The evidence supporting the second and third propositions—that eating less fat, or less saturated fat, makes for a healthier and longer life—has remained stubbornly ambiguous. The message of the 1984 consensus conference and the ensuing expert reports was that the benefits of low-fat diets were effectively indisputable, and so pursuing further research on these questions was unnecessary. This in turn led to the ubiquitous belief in the validity of Keys’s hypothesis and the unwholesome nature of saturated fat, but the reality is that since the early 1980s the evidence has become progressively less compelling.

Keys’s own experience stands as an example. In the early 1950s, Keys had based his dietary-fat hypothesis of heart disease to a great extent on the congruence between the changing-American-diet story and the appearance of a heart-disease epidemic. By the early 1970s, however, he had publicly acknowledged that the heart-disease epidemic may indeed have been a mirage. There was “no basis” to make the claim, he admitted, that trends in heart-disease mortality in the United States reflect changes in the consumption of any item in the diet.

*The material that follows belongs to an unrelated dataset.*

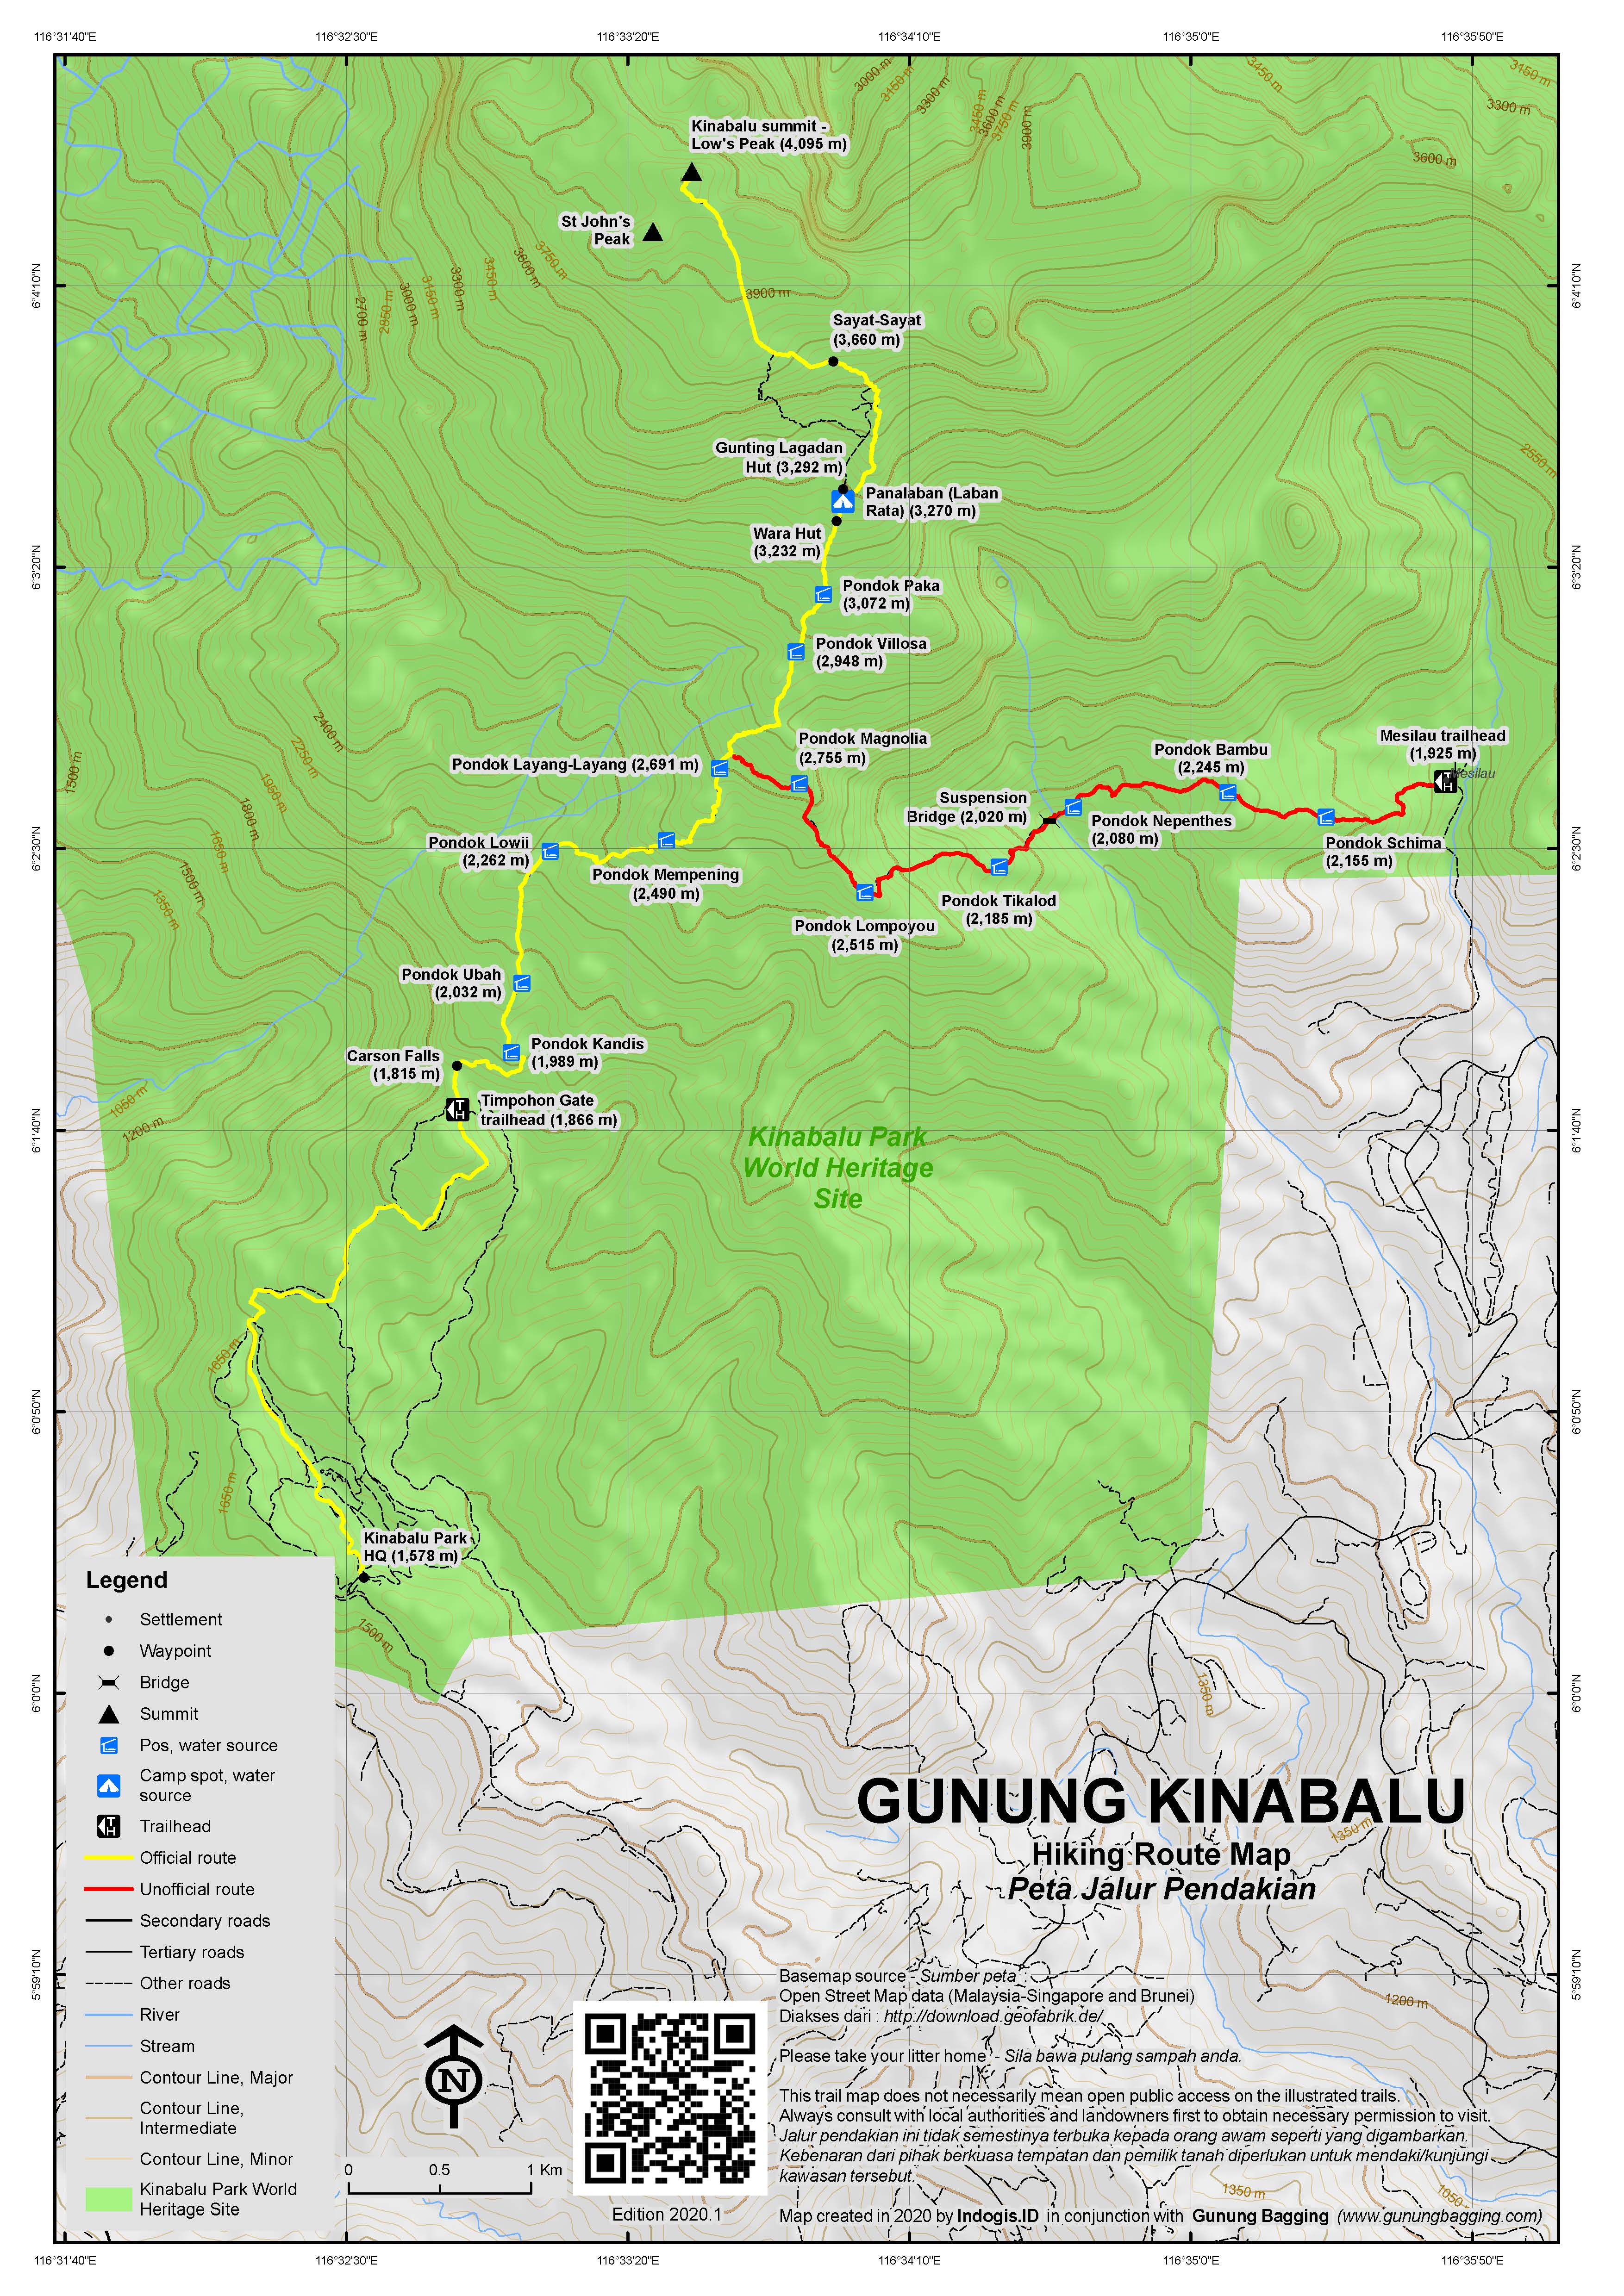 Peta Jalur Pendakian Gunung Kinabalu

In the late 1950s, Keys supported his fat hypothesis with the disparity in fat consumption, cholesterol levels, and heart-disease mortality he found among Japanese men living in Japan, Hawaii, and Los Angeles. This association was then confirmed, more or less, in his Seven Countries Study, in which the Japanese villagers still had remarkably little fat in their diets, low cholesterol levels, and fewer heart-disease deaths over ten years than any other population with the exceptions of those of the islands of Crete and Corfu and the village of Velika Krsna in what is now Serbia. By the mid-1990s, however, the Japanese contingent of the Seven Countries Study, led by Yoshinori Koga, reported that fat intake in Japan had increased from the 6 percent of calories they had measured in the farming village of Tanushimaru thirty-five years earlier, to 22 percent of calories. “There have been progressive increases in consumption of meats, fish and shellfish and milk,” they reported. Mean cholesterol levels rose in the community from 150 mg/dl to nearly 190 mg/dl, which is only 6 percent lower than the average American values (202 mg/dl as of 2004). Yet this change went along with a “remarkable reduction” in the incidence of strokes and no change in the incidence of heart disease. In fact, the chance that a Japanese man of any particular age would die of heart disease had steadily diminished since 1970. “It is suggested that dietary changes in Tanushimaru in the last thirty years have contributed to the prevention of cardiovascular disease,” Koga and his colleagues concluded.

In the late 1950s, Keys had dismissed the possibility that misdiagnosis might have contributed to the extremely low heart-disease death rates in Japan they had observed initially. In 1984, Keys reversed himself, saying that the Japanese cardiologists who had worked with his Seven Countries Study “might have been misled by the local physicians who signed the death certificates and provided details.”

Three years later, Keys acknowledged to the New York Times that he had re- evaluated his hypothesis. “I’ve come to think that cholesterol is not as important as we used to think it was,” he said, “Let’s reduce cholesterol by reasonable means, but let’s not get too excited about it.”